Together, these basins hold one-third of world's fish species, much of them endemic, along with some of the most important freshwater fish harvests in the world (with migratory fish generally representing the majority of harvests). Currently, these basins contain relatively few dams, but Winemiller et al. report that 450 hydropower dams are under construction or in the planning pipeline for the three basins. They review the multiple ways that dams cause losses of fish species and productivity—not just as barriers to migration but also by changing the flow patterns of a river, such as by capturing and storing the flood pulse that otherwise causes downstream rivers to swell, connecting the narrow ribbon of a river channel to the vast and productive floodplains that flank it.
Winemiller et al. suggest that project-level environmental review and mitigation cannot adequately produce balanced solutions between a basin's ability to produce both fish and energy. Ultimately, they say, what is needed is "Integrative, strategic planning…applied at the basin scale, with the goal of finding balance between tapping hydropower potential and sustaining key natural resources." The authors emphasize the importance of site selection and comparing alternative configurations for dam development.
Last year, The Nature Conservancy released a report that explored this recommended approach. In The Power of Rivers we produced analyses that demonstrate the potential benefits of integrative and basin-scale planning, examining alternative spatial configurations of dams within river basins and quantifying the tradeoffs between generating energy and maintaining free-flowing rivers.
For example, we compared 30 different configurations of how hydropower could be developed in Mexico's Coatzacoalcos River basin. Several of these alternatives would develop between 70% and 80% of the basin's total hydropower capacity (a high level because development almost never reaches 100%). We found that several of these high development scenarios would disconnect almost 70% of the basin's channel network, leaving only 400 kilometers in a connected and free-flowing condition. However, other scenarios that avoided the dams which had the biggest impacts on connectivity could achieve the same energy generation but would disconnect only 30% of the channel network, meaning 70% (or 1,000 km) of the basin's river channels could remain connected and free-flowing (Figure 1).

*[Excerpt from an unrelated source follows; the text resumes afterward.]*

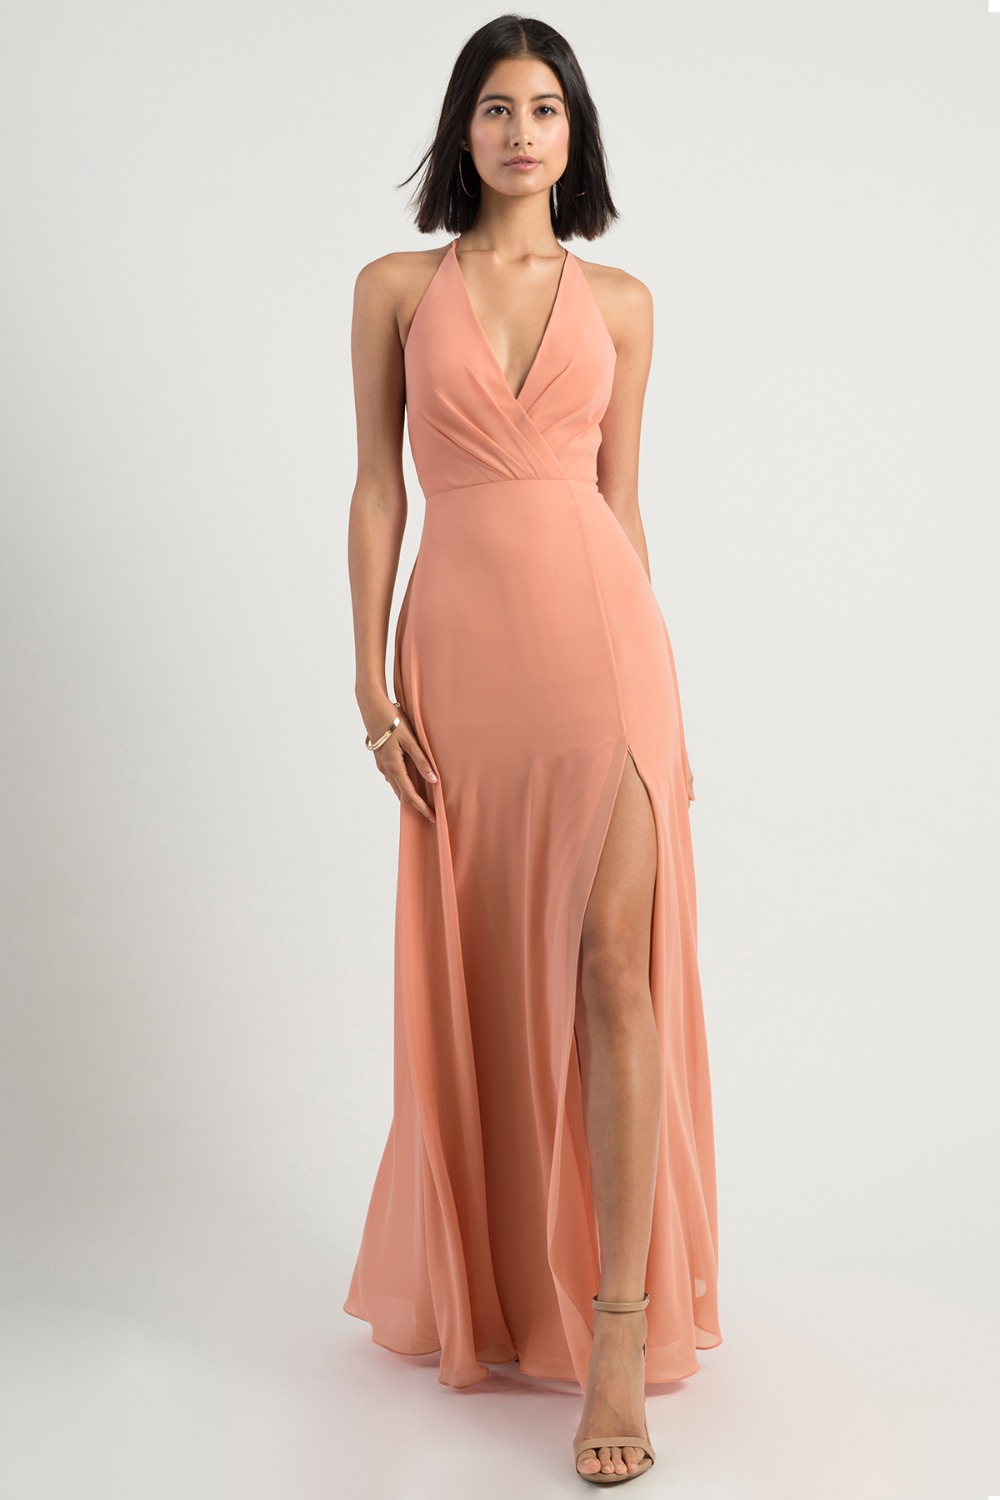 Bryce Sedona Sunset bridesmaid dress by Jenny Yoo

These results, and similar results from two other river basins, illustrate the clear benefit of moving beyond project-level planning, review and mitigation and toward understanding the cumulative impacts, tradeoffs, and opportunities that are revealed by considering an entire basin or system – an approach we call "Hydropower by Design."
The benefits of widespread application of this approach could be huge. In The Power of Rivers we drew on a global database of planned dams (compiled by Christiane Zarfl and colleagues at the Leibniz-Institute of Freshwater Ecology and Inland Fisheries) and ran hundreds of thousands of scenarios for developing hydropower in river basins around the world, comparing business-as-usual development with "Hydropower by Design" scenarios.

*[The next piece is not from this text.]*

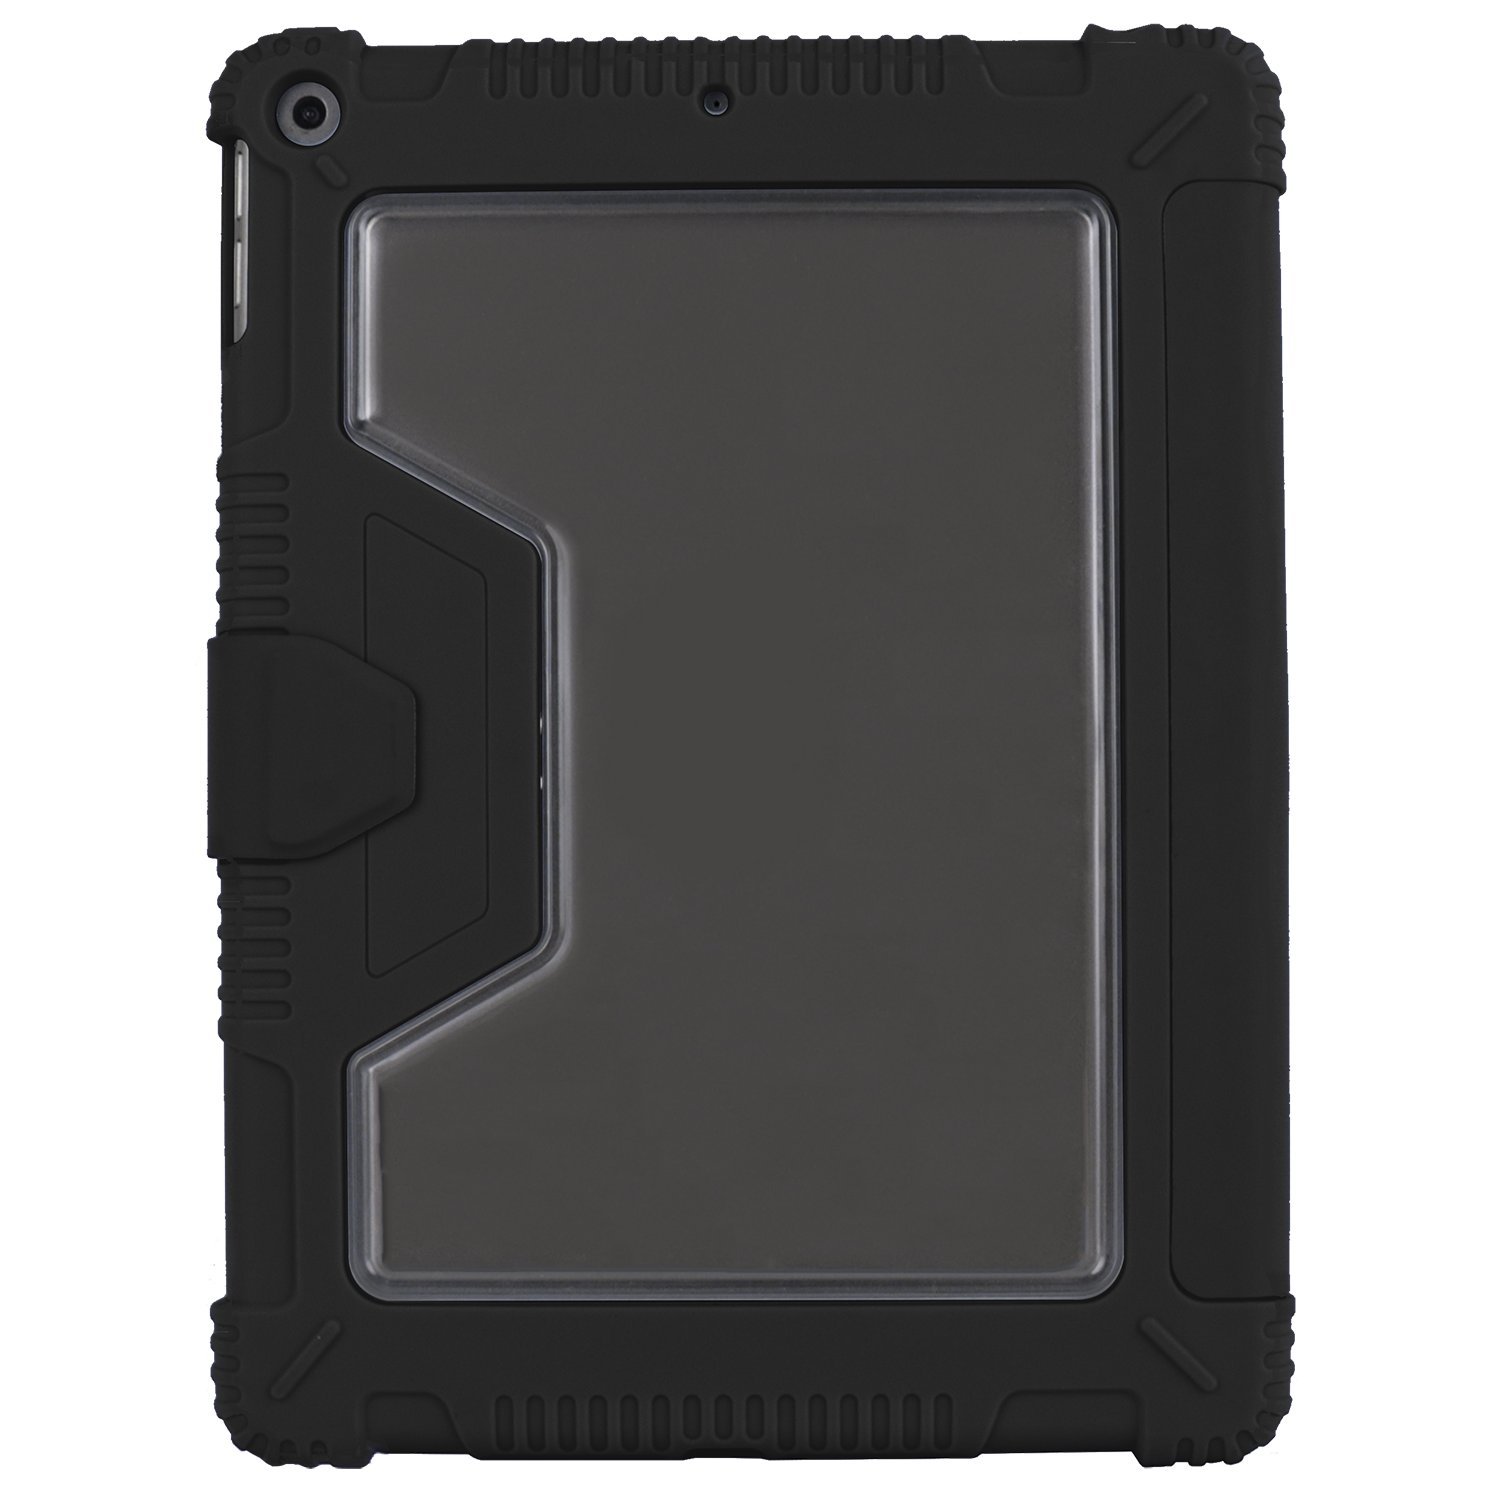 TechXtras Shock Absorbent 10.2" Tablet Case - Black

Our results found that for the same level of energy development—a level that approached global projections for hydropower by 2050—Hydropower by Design scenarios could maintain 100,000 more kilometers of river in a free-flowing condition worldwide compared to business-as-usual approaches.

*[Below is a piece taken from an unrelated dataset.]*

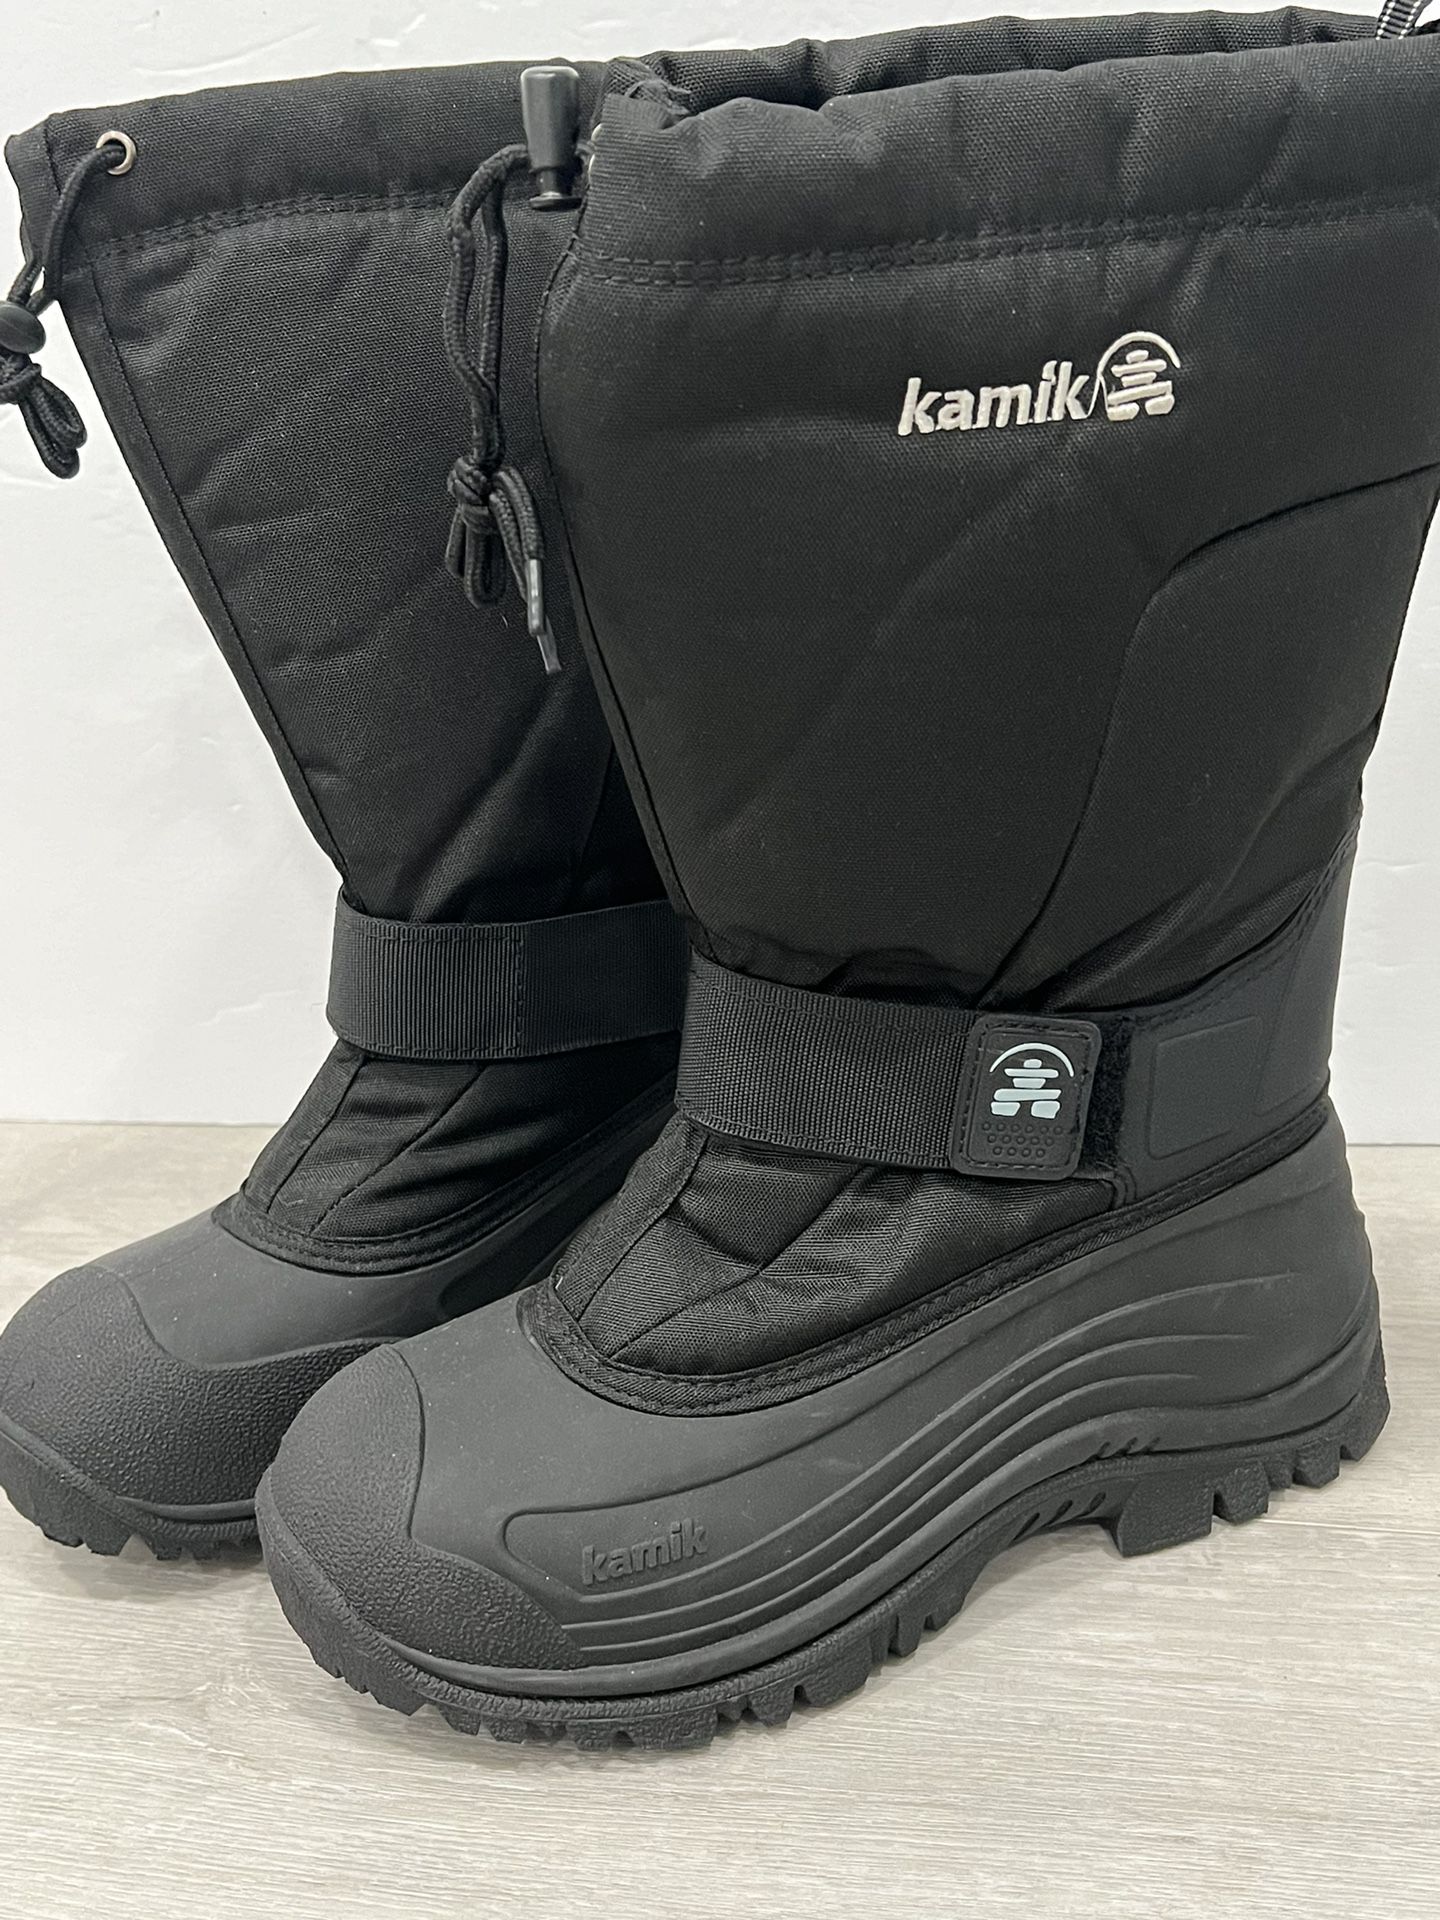 KAMIK Men’s Winter Snow Boots

Finding solutions to achieve this potential for more balanced outcomes is urgent. Global hydropower capacity is projected to roughly double in the next few decades. In our report we calculated that if all the planned dams were built that there will be a global reduction in free-flowing rivers (river segments not affected by dams through fragmentation or flow alteration) of more than 300,000 kilometers, with dramatic declines in the river basins highlighted by Winemiller et al (Figure 2).
While hydropower development will always have impacts, the results in our report, along with analyses such as those by Ziv et al. for the Mekong, show that dramatically improved outcomes are possible through application of system-scale planning.
In many ways, the technical challenge is relatively easy. Aligning decision making around potential balanced solutions is far harder. For that we'll need to go beyond concentration and collaboration and add one more word to the fish-energy vocabulary list.
Collaboration.
There will always be a need for campaigns against dams with unacceptably high impacts. But, for conservation organizations, campaigns alone will not produce the widespread changes needed to achieve more balanced outcomes at a global scale. For that, we also need to work directly with those who plan, fund, build and operate hydropower dams and find collaborative solutions.
The Nature Conservancy is working in range of places, with diverse partners, to promote the kind of system-scale analyses and planning recommended by Winemiller et al. In Mexico, we are working with the Federal Commission for Electricity and other partners on basin-scale approaches to hydropower planning that balance energy generation with maintaining environmental and social resources. In Gabon we are collaborating with government agencies and providing them tools and methods to compare hydropower development scenarios to help them achieve their ambitious goals for both renewable energy expansion and conservation of ecosystems. With the International Hydropower Association and stakeholders from finance, government, industry and civil society we helped write the Hydropower Sustainable Assessment Protocol to provide a standardized tool for evaluating the relative sustainability of a hydropower project or system.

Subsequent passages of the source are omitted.